Bressoud-Subbarao type weighted partition identities for a generalized divisor function

TL;DR

This paper revisits and generalizes Bressoud-Subbarao weighted partition identities using combinatorial and analytic methods, introduces new identities via fractional differential operators, and extends related identities involving Bell polynomials.

Contribution

It provides a more general form of Bressoud-Subbarao identities, introduces new weighted partition identities using fractional calculus, and generalizes Uchimura's identity with Bell polynomials.

Findings

Derived a more general weighted partition identity.

Established new identities using fractional differential operators.
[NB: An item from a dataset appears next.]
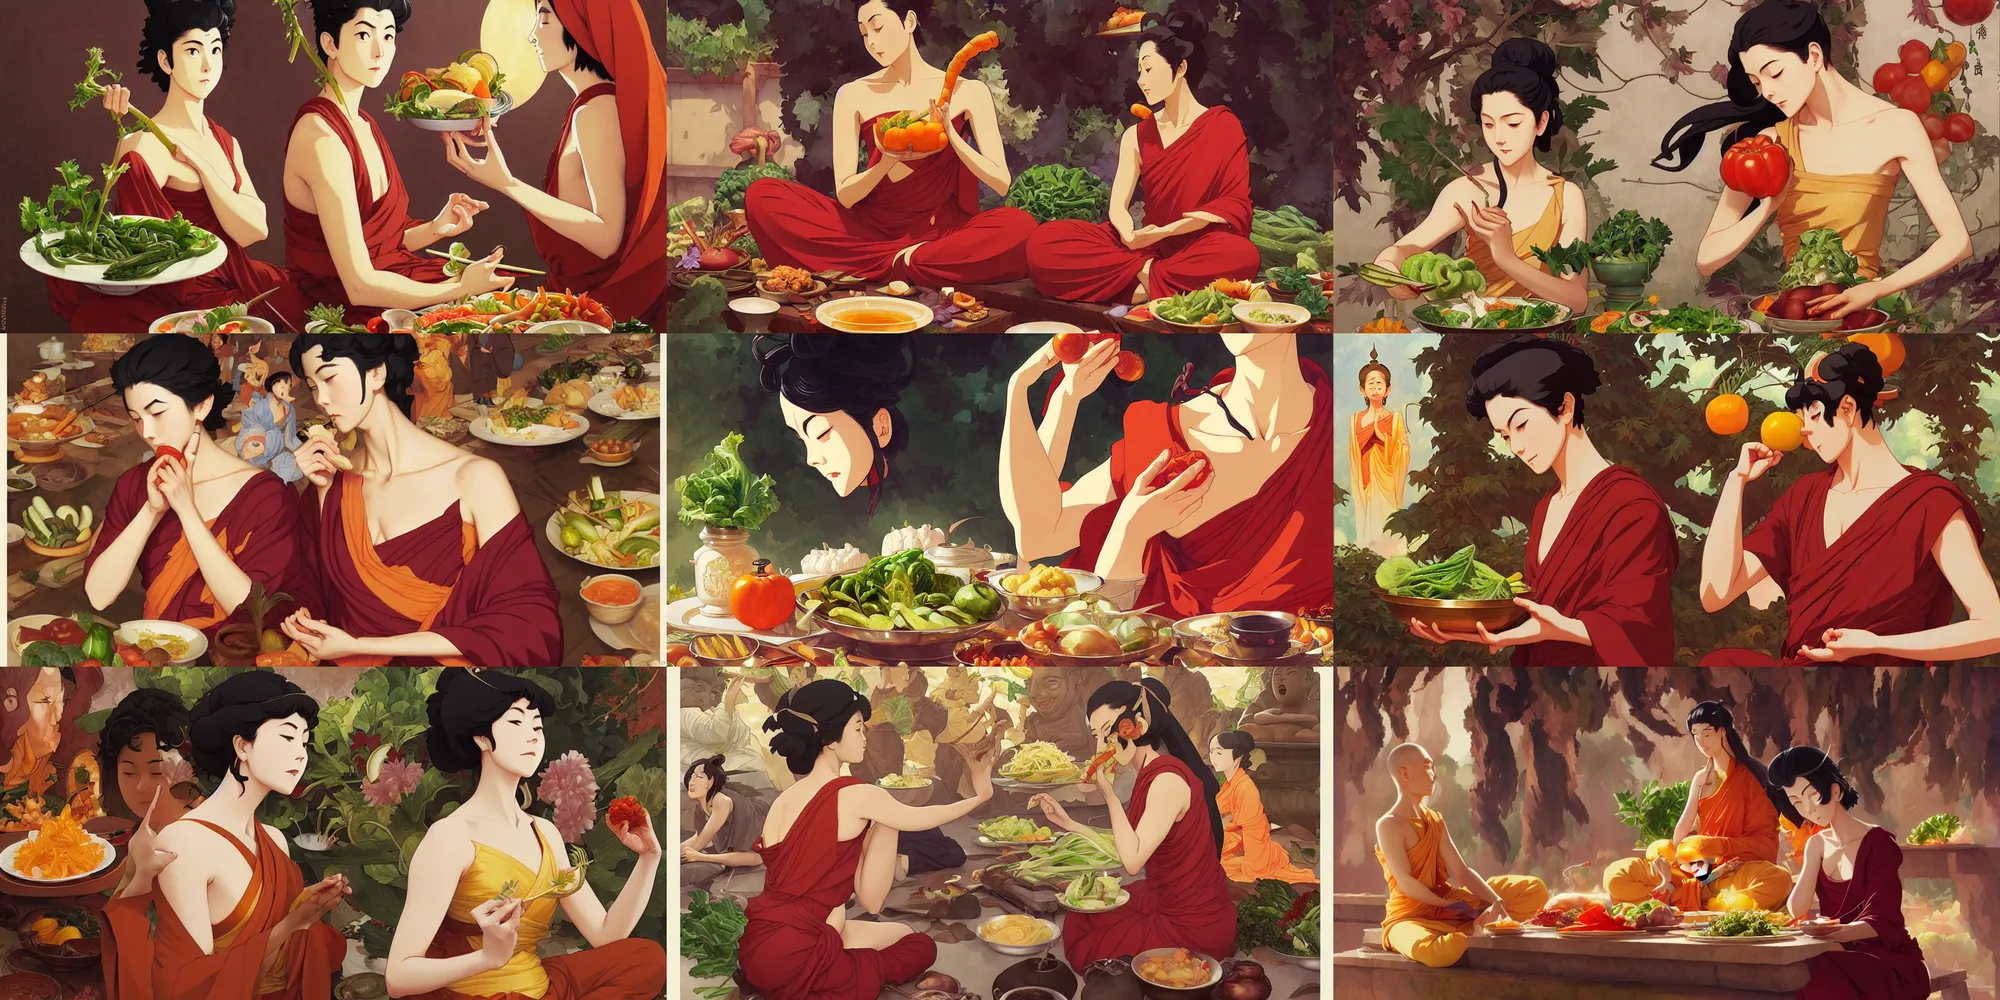 Prompt: buddhism, eating vegetable, in the style of studio ghibli, j. c. leyendecker, greg rutkowski, artgerm

Extended Uchimura's identity to a one-variable case.

Abstract

In 1984, Bressoud and Subbarao obtained an interesting weighted partition identity for a generalized divisor function, by means of combinatorial arguments. Recently, the last three named authors found an analytic proof of the aforementioned identity of Bressoud and Subbarao starting from a $q$-series identity of Ramanujan. In the present paper, we revisit the combinatorial arguments of Bressoud and Subbarao, and derive a more general weighted partition identity. Furthermore, with the help of a fractional differential operator, we establish a few more Bressoud-Subbarao type weighted partition identities beginning from an identity of Andrews, Garvan and Liang. We also found a one-variable generalization of an identity of Uchimura related to Bell polynomials.